Robot Phone Home…Or Else

We would have enjoyed [Harishankar’s] tear down of a robot vacuum cleaner, even if it didn’t have a savage twist at the end. Turns out, the company deliberately bricked his smart vacuum.

Like many of us, [Harishankar] is suspicious of devices beaming data back to their makers. He noted a new vacuum cleaner was pinging a few IP address, including one that was spitting out logging or telemetry data frequently. Of course, he had the ability to block the IP address which he did. End of story, right?

No. After a few days of working perfectly, the robot wouldn’t turn on. He returned it under warranty, but the company declared it worked fine. They returned it and, indeed, it was working. A few days later, it quit again. This started a cycle of returning the device where it would work, it would come home and work for a few days, then quit again.

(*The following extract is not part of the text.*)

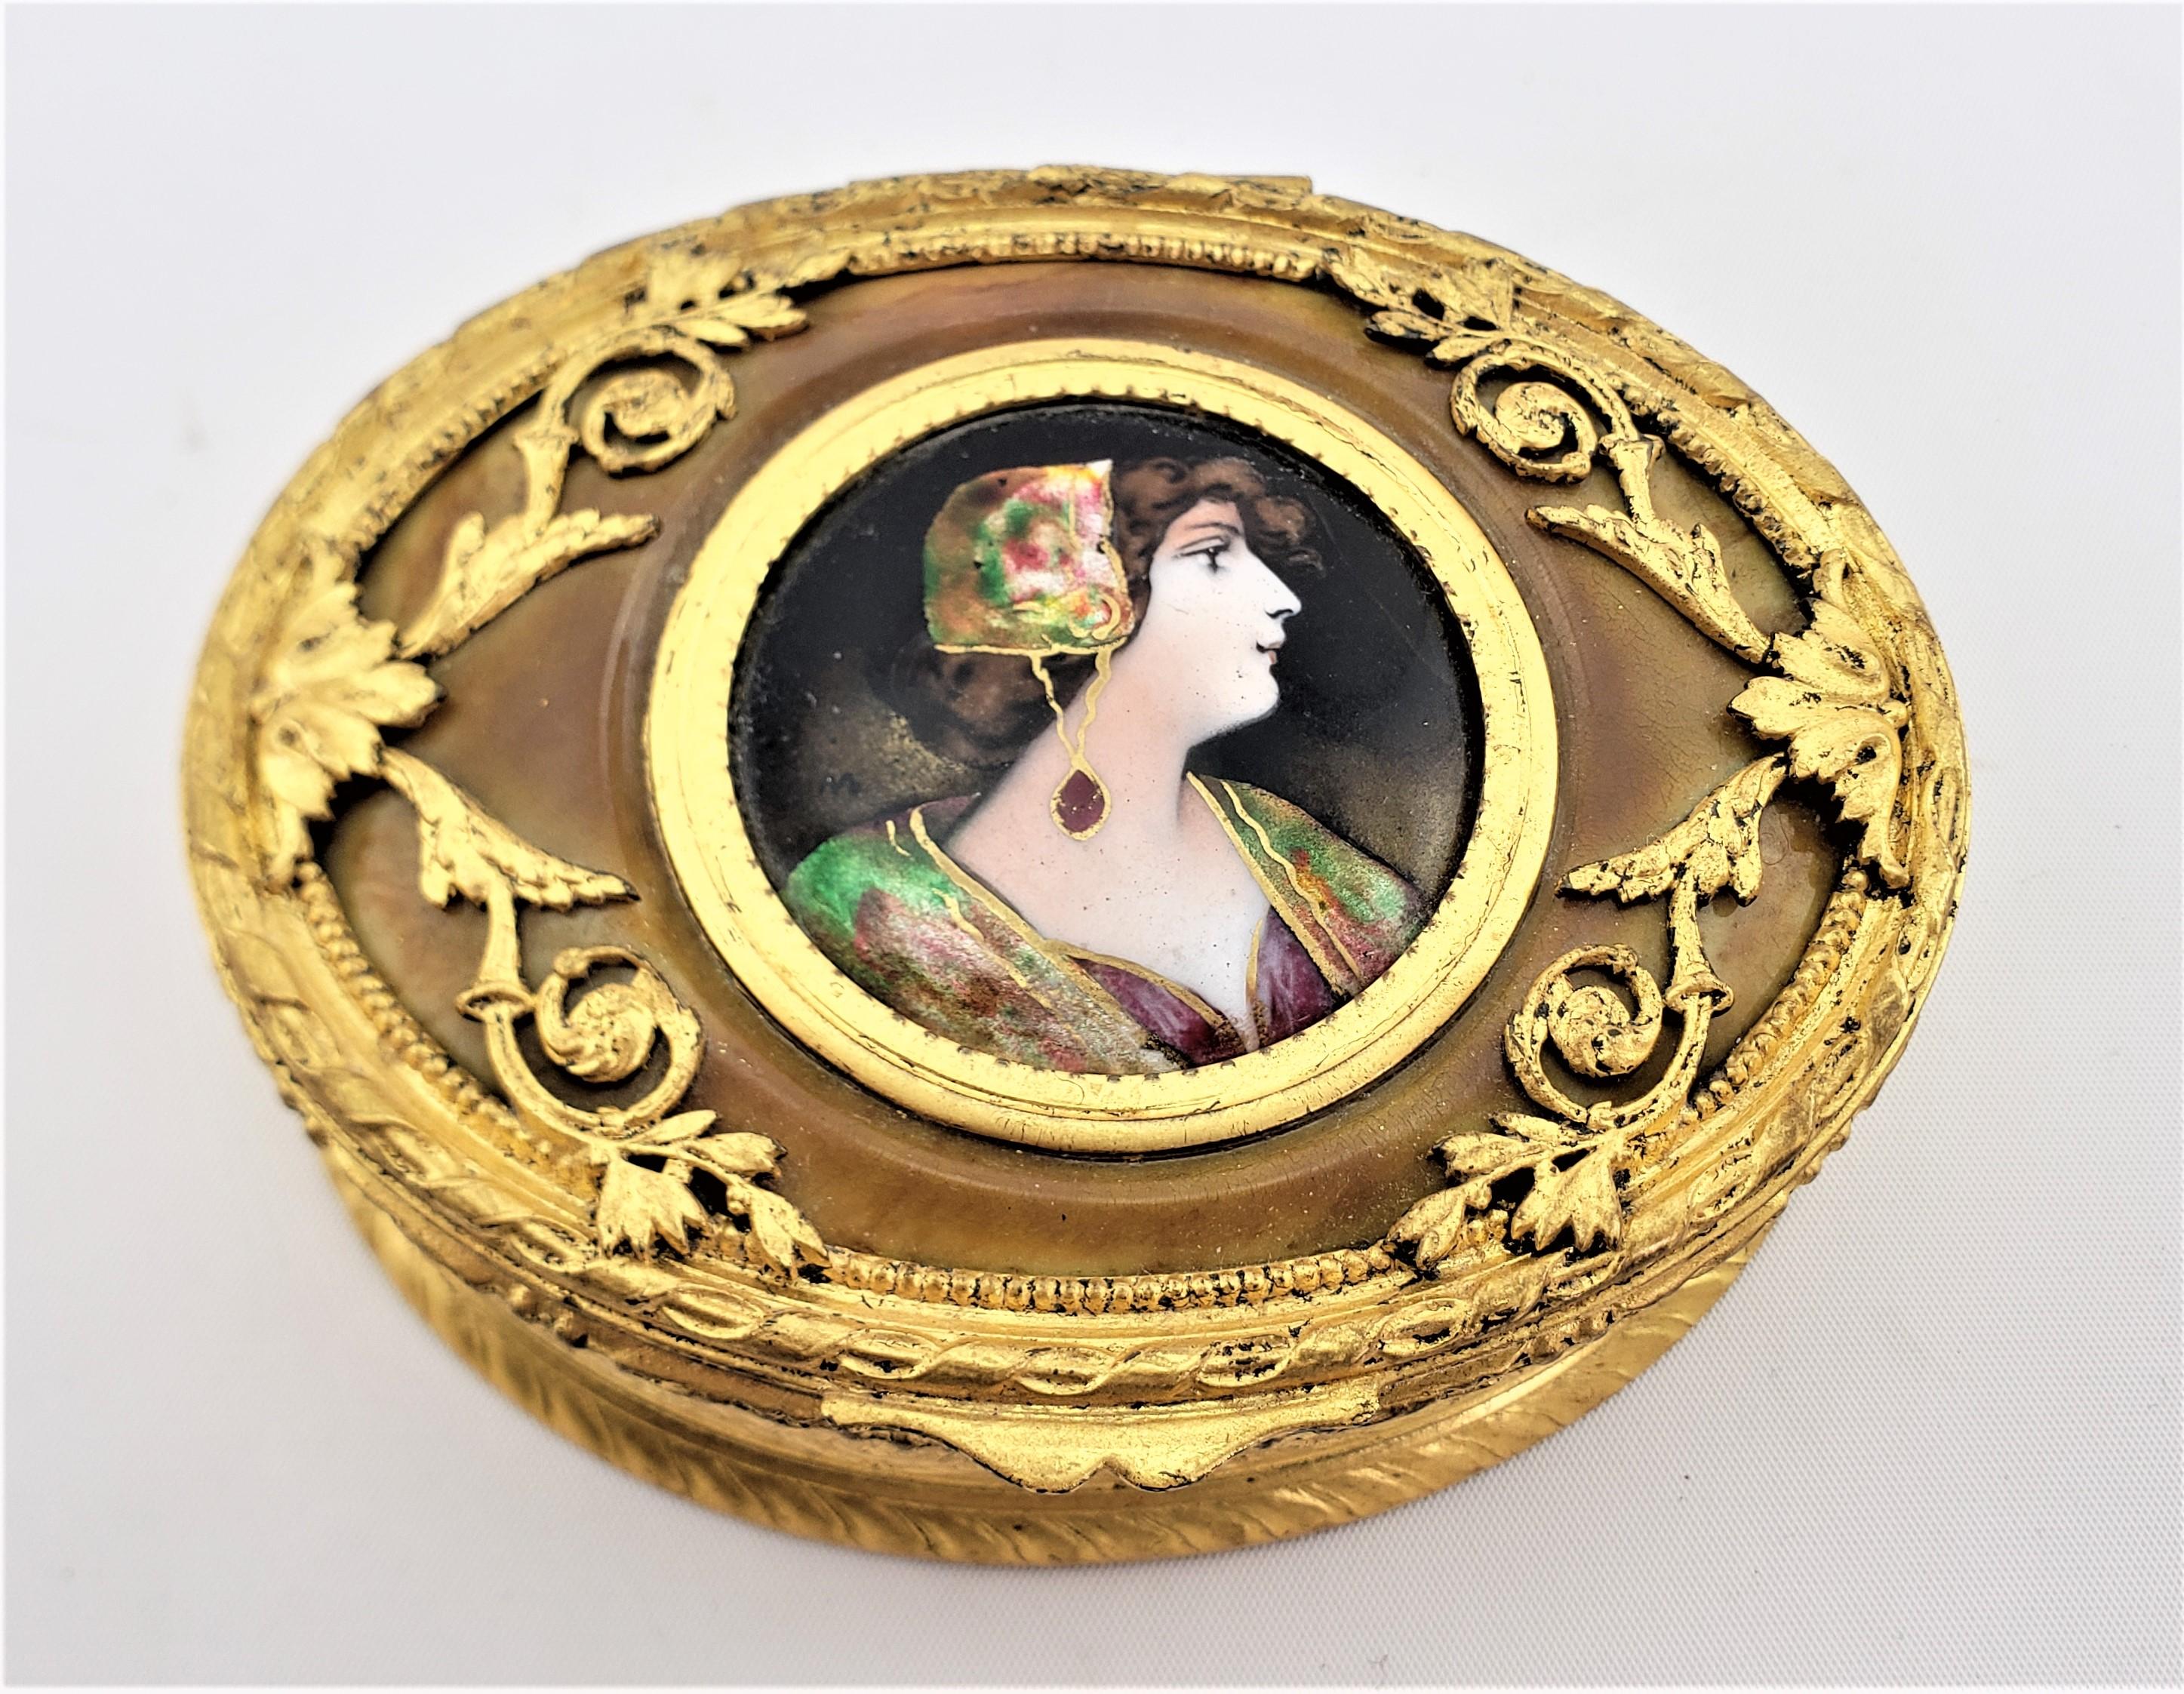 This antique dresser or jewelry box is unsigned, but presumed to have been made in France in approximately 1890 in the period Art Nouveau style. The oval shaped box has a very well executed hand-painted enamel portrait, likely on copper, in a

You can probably guess where this is going, but to be fair, we gave you a big hint. The fact that it would work for days after blocking the IP address wouldn’t seem like a smoking gun in real time.

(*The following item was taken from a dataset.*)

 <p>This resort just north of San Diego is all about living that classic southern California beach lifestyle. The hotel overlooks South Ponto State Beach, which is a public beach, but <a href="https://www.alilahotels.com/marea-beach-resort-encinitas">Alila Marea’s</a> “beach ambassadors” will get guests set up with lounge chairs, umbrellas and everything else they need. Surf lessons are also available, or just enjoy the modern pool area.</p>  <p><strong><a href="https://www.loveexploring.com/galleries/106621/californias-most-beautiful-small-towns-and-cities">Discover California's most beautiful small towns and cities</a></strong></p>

The turning point was when the company refused to have any further service on the unit. So it was time to pull out the screwdriver. Inside was a dual-CPU AllWinner SoC running Linux and a microcontroller to run the hardware. Of course, there were myriad sensors and motors, too. The same internals are used by several different brands of vacuum cleaners, so these internals aren’t just one brand.

Essentially, he wrote his own software to read all the sensors and drive all the motors using his own computers, bypassing the onboard CPU. But he found one thing interesting. The Android Debug Bridge was wide open on the Linux computer. Sort of.

The problem was, you could only get in a few seconds after booting up. After that, it would disconnect. A little more poking fixed that. The software stack was impressive, using Google Cartographer to map the house, for example.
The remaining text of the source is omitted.